Because nurses work in so many roles and healthcare settings, we can play a pivotal role in stemming the tide of antibiotic resistance and minimizing the potential for even more “superbugs” by promoting the judicious use of these vitally important drugs. Currently, the American Nurses Association (ANA) is working with the CDC to strengthen nursing’s role in antibiotic stewardship, which consists of coordinated interventions designed to measure and improve appropriate antimicrobial use. One hospital-based strategy, for example, is a time-out, which allows healthcare providers to reassess the need for an antibiotic or to order a different one after 48 hours when more is known clinically. In addition to promoting antibiotic stewardship programs at our clinical sites, we need to make sure nurses play an active role in their development, implementation, and evaluation.

On a more personal level, nurses must emphasize with our own families and friends, who often turn to us for healthcare advice, that antibiotics are not the remedy for colds and other viral illnesses. They trust us to provide them with accurate information, and taking the time to explain antibiotic use and misuse is an important step to managing this healthcare crisis.

Another extremely important strategy is to practice proper hand hygiene and hold our colleagues accountable to do the same. On this front, ANA continues to work in partnership with the Association for Professionals in Infection Control and Epidemiology on evidenced-based resources related to hand hygiene and healthcare-associated infections.

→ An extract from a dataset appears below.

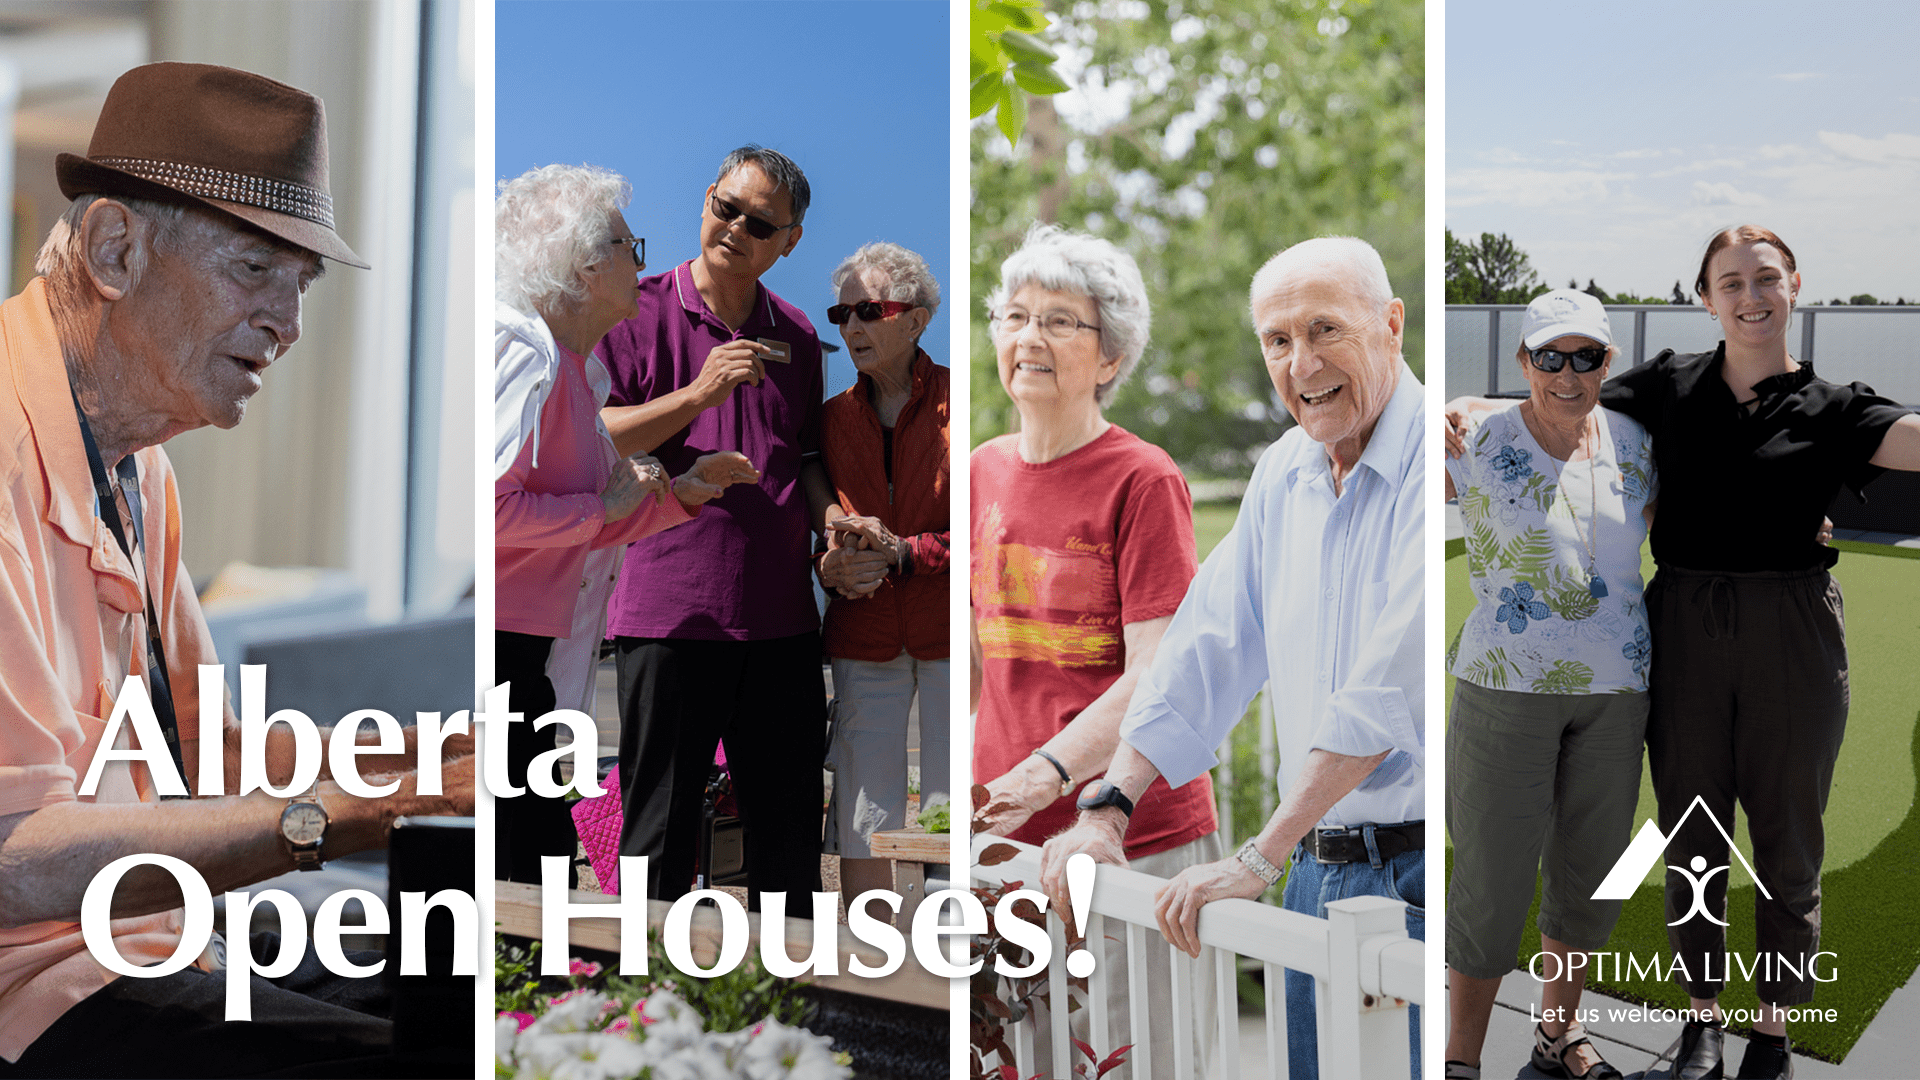 Images of seniors being active outdoors

Looking back, the emergence of Ebola virus in the United States in 2014 served as wake-up call for all of us in health care. We learned we must be prepared to respond promptly and effectively to outbreaks of wellknown infectious diseases, such as tuberculosis, as well as the unknown. At ANA, we worked quickly to provide nurses with the most up-to-date information on Ebola virus through webinars and online services so RNs could protect their patients and themselves.

With the recent emergence of Zika virus cases, we again delivered a “just-in-time” educational webinar and other resources that nurses wanted and needed. ANA also has partnered with the CDC to advertise the U.S. Zika Pregnancy Registry, which focuses on collecting information about pregnancy and infant outcomes after Zika infection. Finally, I encourage you to read the “Issues up close column” in this issue, which breaks down myths surrounding Zika virus.

We live in a mobile, global society, which increases the likelihood that we will encounter diseases we’ve never seen before. Not only must we continue to promote evidence-based practices that minimize infection, but we also must continue to advocate for baseline emergency preparedness services at all levels of government. ANA is committed to keeping our patients, our communities, and all healthcare workers safe, and we will remain vigilant for whatever lies ahead.